Reshape of the input so it resemble a 2D image.

In [30]:

x_image = tf.reshape(x, [-1,28,28,1])

We can now implement our first layer. It will consist of convolution, followed by max pooling. The convolutional will compute $32$ features for each $5x5$ patch. Its weight tensor will have a shape of $[5, 5, 1, 32]$. The first two dimensions are the patch size, the next is the number of input channels, and the last is the number of output channels. We will also have a bias vector with a component for each output channel.

In [31]:

W_conv1 = weight_variable([5, 5, 1, 32])
b_conv1 = bias_variable([32])

We then convolve x_image with the weight tensor, add the bias, apply the ReLU function, and finally max pool.

In [32]:

h_conv1 = tf.nn.relu(conv2d(x_image, W_conv1) + b_conv1)
h_pool1 = max_pool_2x2(h_conv1)

In order to build a deep network, we stack several layers of this type. The second layer will have 64 features for each 5x5 patch.

In [33]:

W_conv2 = weight_variable([5, 5, 32, 64])
b_conv2 = bias_variable([64])

h_conv2 = tf.nn.relu(conv2d(h_pool1, W_conv2) + b_conv2)
h_pool2 = max_pool_2x2(h_conv2)

Last but not least, a fully connected layer that is able to combine previous layers

In [34]:

W_fc1 = weight_variable([7 * 7 * 64, 1024])
b_fc1 = bias_variable([1024])

h_pool2_flat = tf.reshape(h_pool2, [-1, 7*7*64])
h_fc1 = tf.nn.relu(tf.matmul(h_pool2_flat, W_fc1) + b_fc1)

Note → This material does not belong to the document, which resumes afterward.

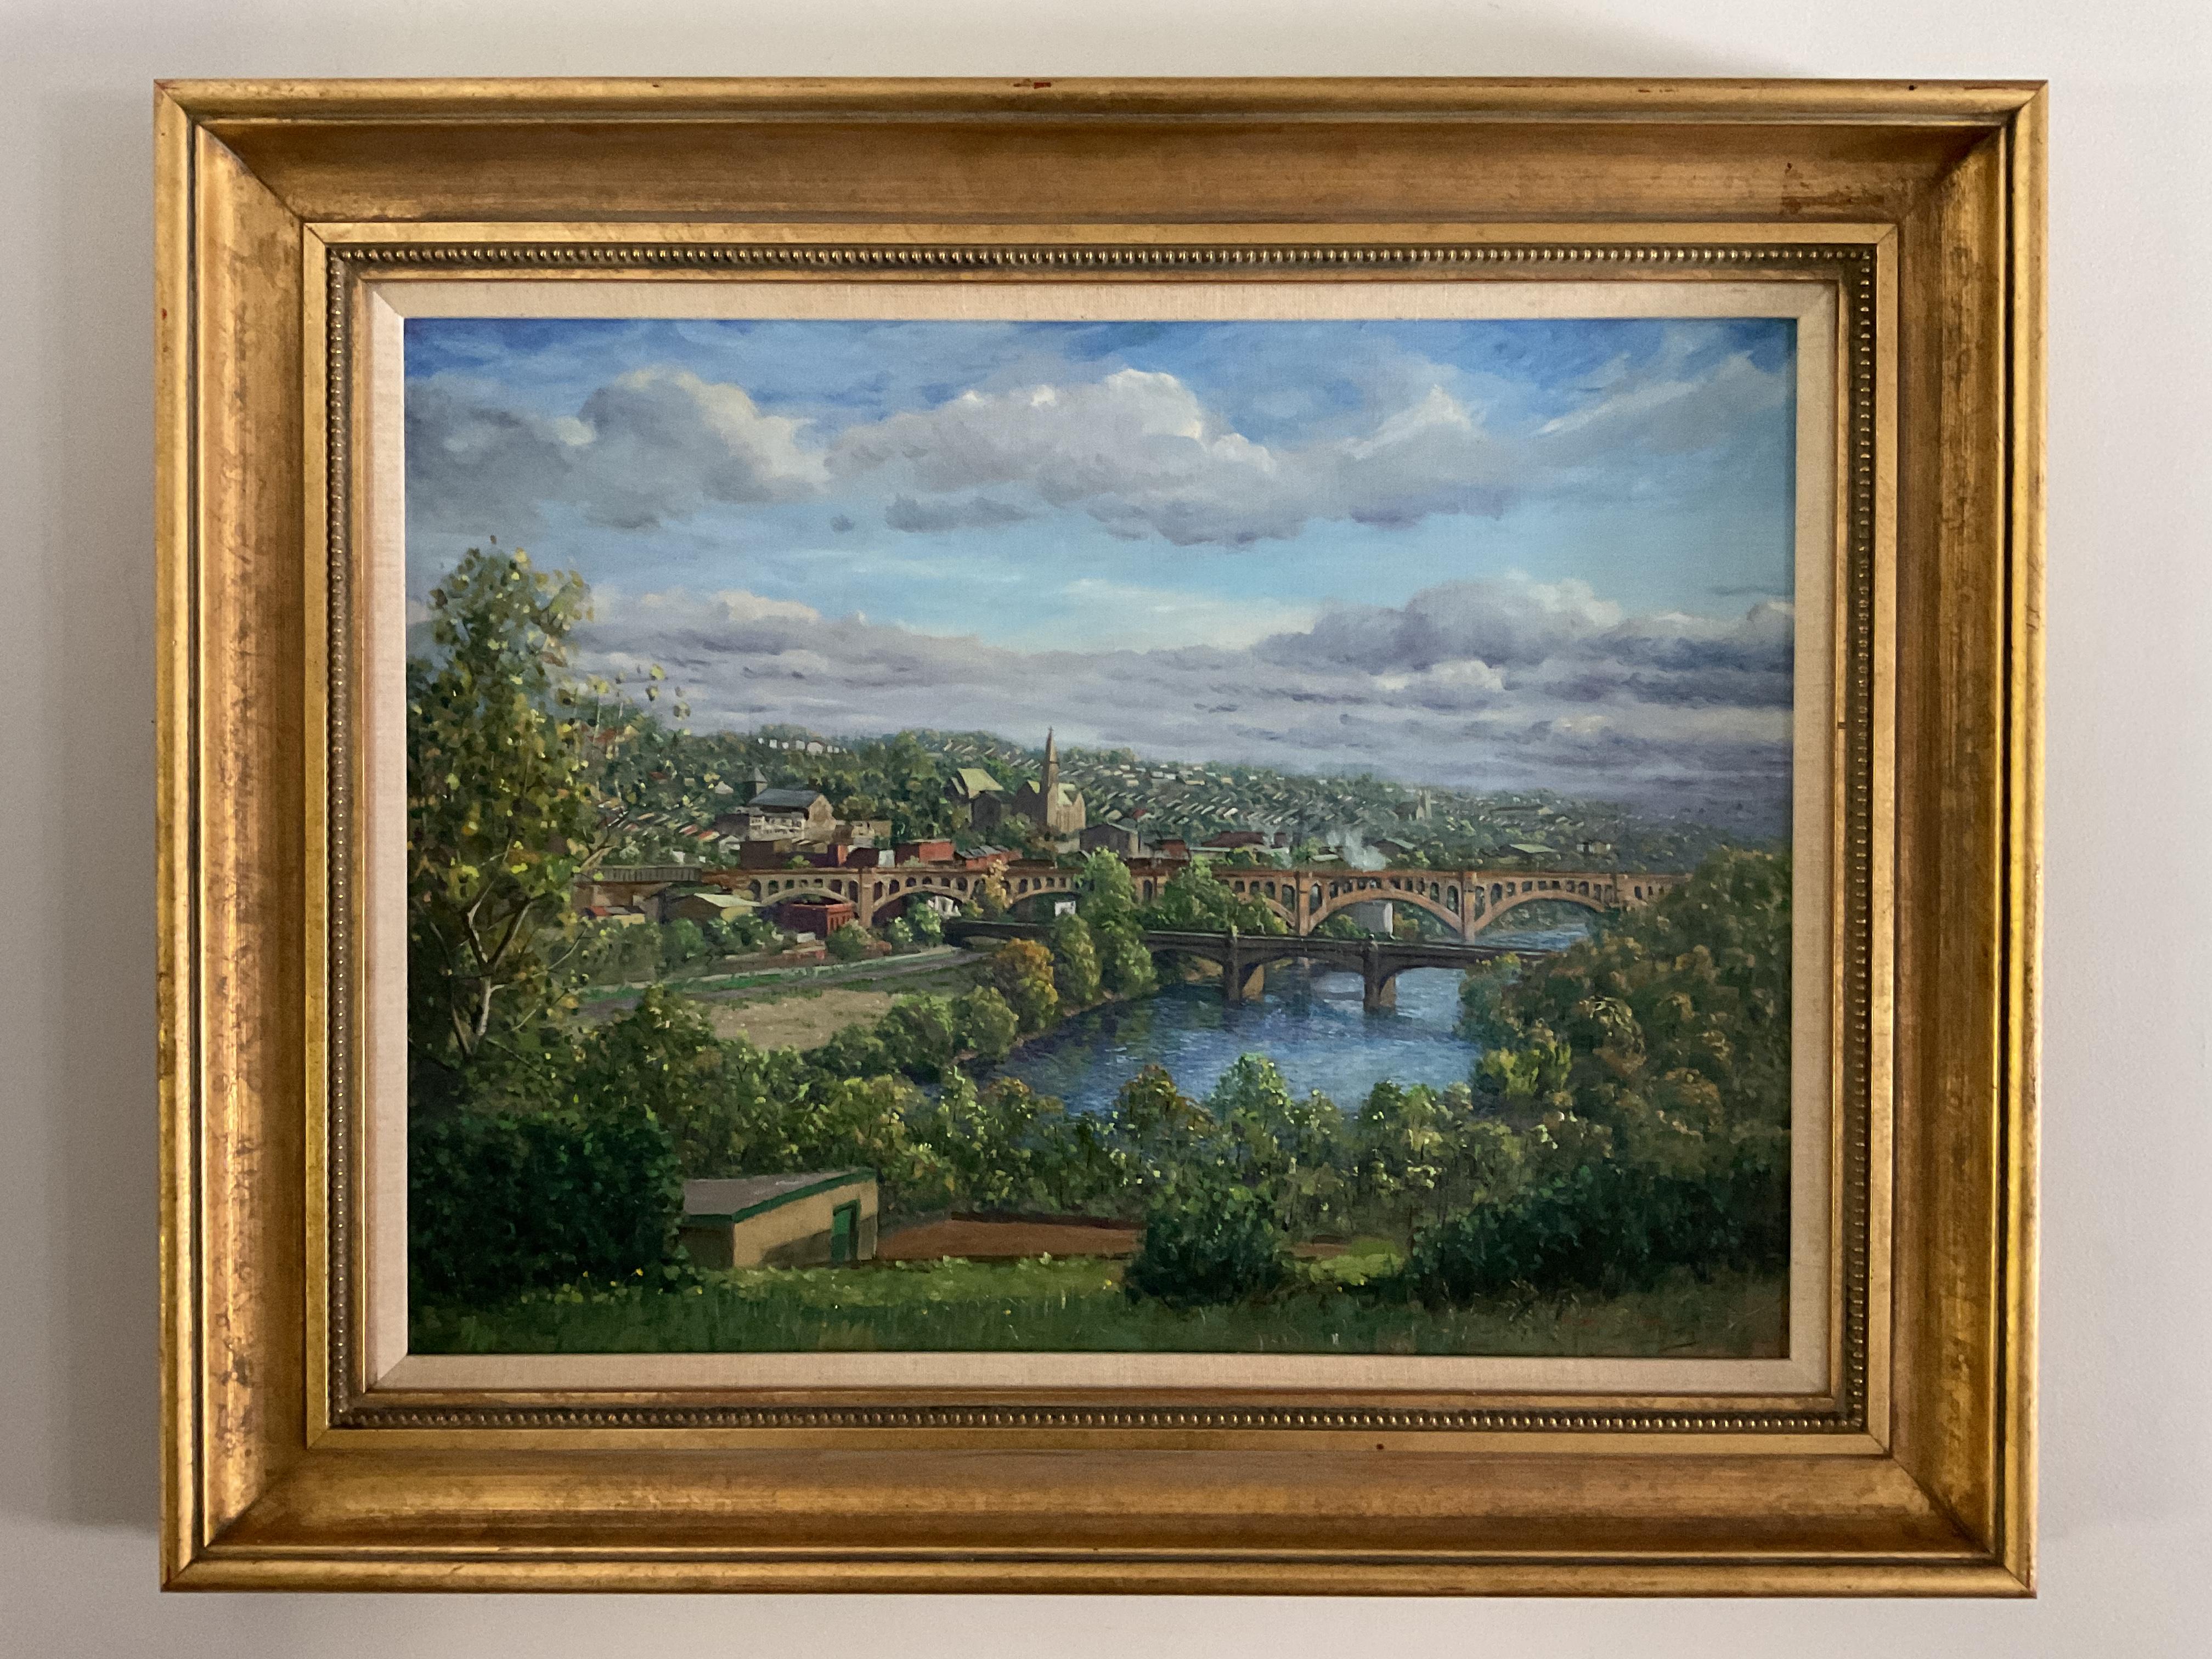 Richard Sanders Chew Landscape Painting - Schuykill River Valley, Philadelphia Painting by listed artist Richard S. Chew

One thing to mention is regularization we applied dropout to prevent overfitting.

In [35]:

keep_prob = tf.placeholder(tf.float32)
h_fc1_drop = tf.nn.dropout(h_fc1, keep_prob)

Last stage compute probability and assign to each example a class.

In [36]:

W_fc2 = weight_variable([1024, 10])
b_fc2 = bias_variable([10])

y_conv = tf.matmul(h_fc1_drop, W_fc2) + b_fc2

In [37]:

cross_entropy = tf.reduce_mean(tf.nn.softmax_cross_entropy_with_logits_v2(logits=y_conv, labels=y_))
train_step = tf.train.AdamOptimizer(1e-4).minimize(cross_entropy)
correct_prediction = tf.equal(tf.argmax(y_conv,1), tf.argmax(y_,1))
accuracy = tf.reduce_mean(tf.cast(correct_prediction, tf.float32))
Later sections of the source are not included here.